Operator: Done. Shall I use our "Daredevil" paper for this daring message?
Customer: Perfect! Send it by your fastest carrier pigeon.
Operator: It'll be there within the hour, sir."""

bound.invoke(f"""Extract the preferences from the following conversation:
<convo>
{conversation}
</convo>""")
ValidationError: 1 validation error for TelegramAndTrustFallPreferences
pertinent_user_preferences.communication_preferences.semaphore
  Input should be a valid dictionary or instance of Semaphore [type=model_type, input_value=None, input_type=NoneType]
    For further information visit https://errors.pydantic.dev/2.8/v/model_type

If you try to use strict mode or OpenAI's json_schema, it will give you an error as well, since their parser doesn't support the complex JSON schemas:

bound = llm.bind_tools([TelegramAndTrustFallPreferences], strict=True, response_format=TelegramAndTrustFallPreferences)

bound.invoke(f"""Extract the preferences from the following conversation:
<convo>
{conversation}
</convo>""")
BadRequestError: Error code: 400 - {'error': {'message': "Invalid schema for function 'TelegramAndTrustFallPreferences': "}}

With trustcall, this extraction task is easy.

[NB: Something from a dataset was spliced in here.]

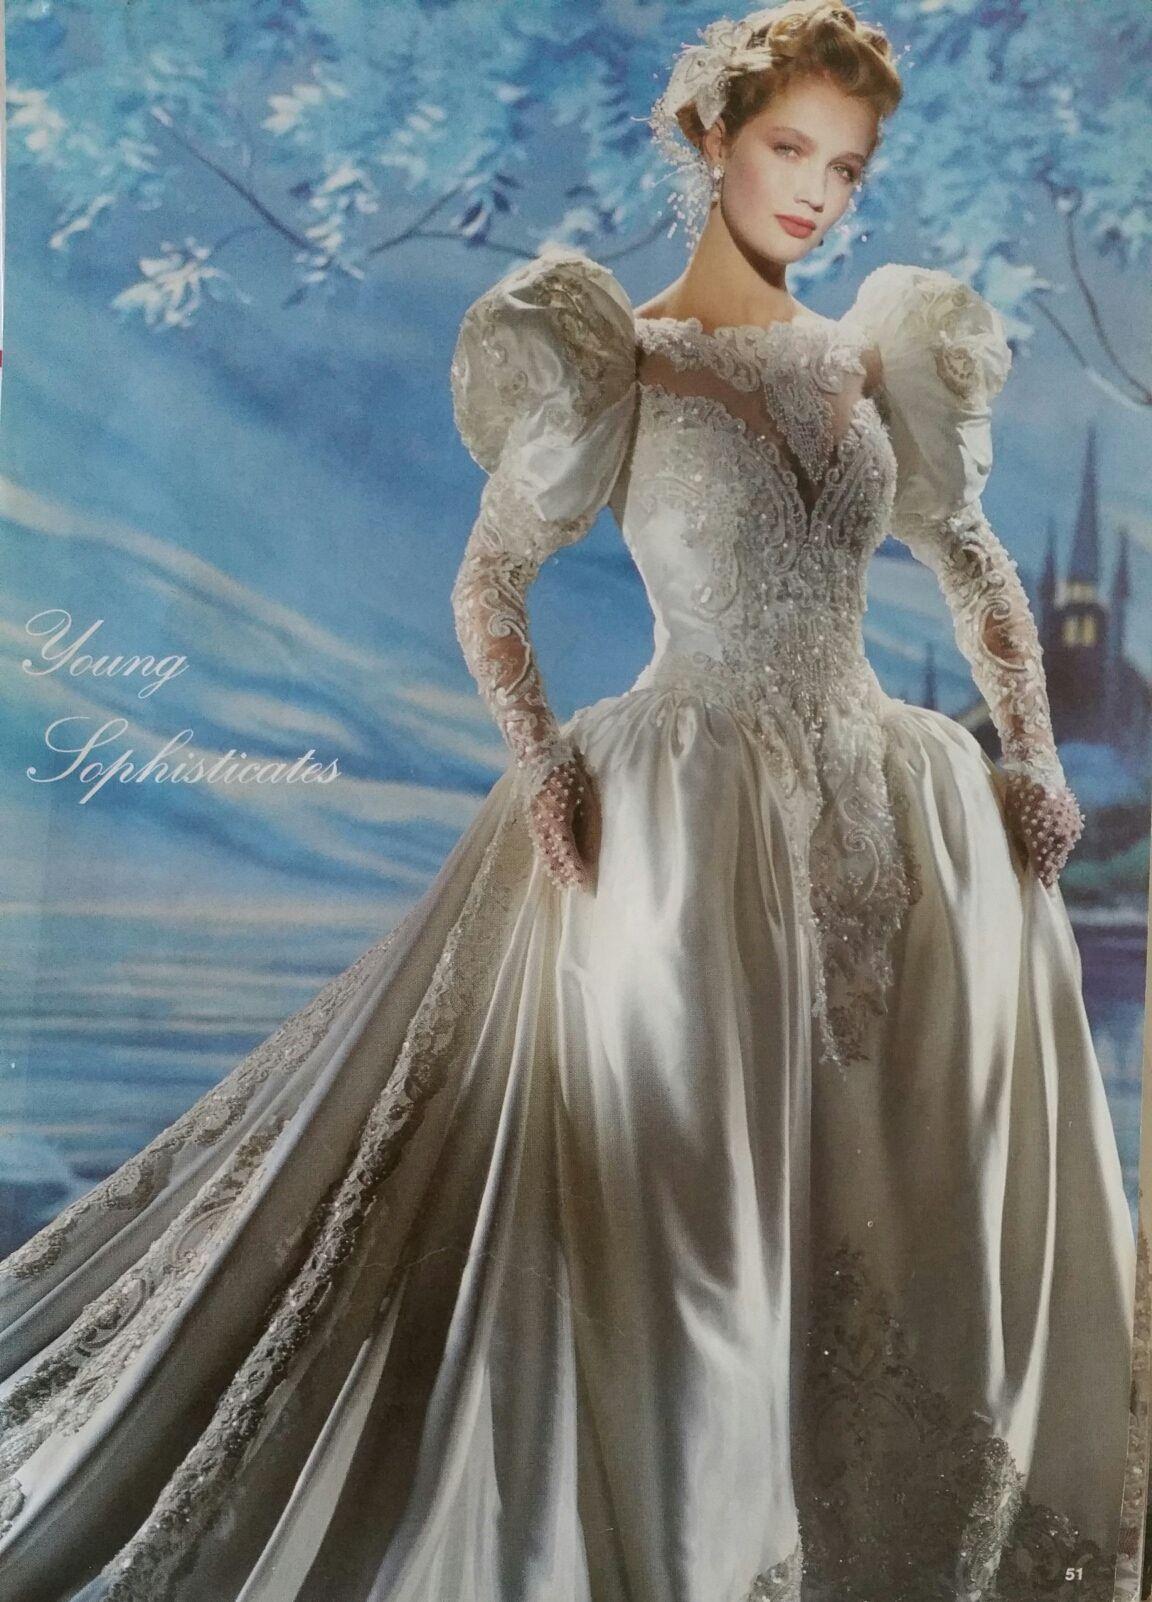 Demitrious Wedding Gowns.Demetrios 1990 1991 Weddings In 2019 Antique Wedding

from trustcall import create_extractor

bound = create_extractor(
    llm,
    tools=[TelegramAndTrustFallPreferences],
    tool_choice="TelegramAndTrustFallPreferences",
)

result = bound.invoke(
    f"""Extract the preferences from the following conversation:
<convo>
{conversation}
</convo>"""
)
result["responses"][0]
{
    "pertinent_user_preferences": {
        "communication_preferences": {
            "telegram": {
                "preferred_encoding": [
                    {
                        "preference": "morse",
                        "sentence_preference_revealed": "Morse, please.",
                    }
                ],
                "favorite_telegram_operators": None,
                "preferred_telegram_paper": [
                    {
                        "preference": "Daredevil",
                        "sentence_preference_revealed": 'Shall I use our "Daredevil" paper for this daring message?',
                    }
                ],
            },
            "morse_code": {
                "preferred_key_type": [
                    {
                        "preference": "straight key",
                        "sentence_preference_revealed": "I love using a straight key.",
                    }
                ],
                "favorite_morse_abbreviations": None,
            },
            "semaphore": {"preferred_flag_color": None, "semaphore_skill_level": None},
        },
        "trust_fall_preferences": {
            "preferred_fall_height": [
                {
                    "preference": "higher",
                    "sentence_preference_revealed": "I'm ready for a higher fall.",
                }
            ],
            "trust_level": None,
            "preferred_catching_technique": [
                {
                    "preference": "diamond formation",
                    "sentence_preference_revealed": "I prefer the diamond formation for catching.",
                }
            ],
        },
    }
}

What's different? trustcall handles prompt retries with a twist: rather than naively re-generating the full output, it prompts the LLM to generate a concise patch to fix the error in question. This is both more reliable than naive reprompting and cheaper since you only regenerate a subset of the full schema.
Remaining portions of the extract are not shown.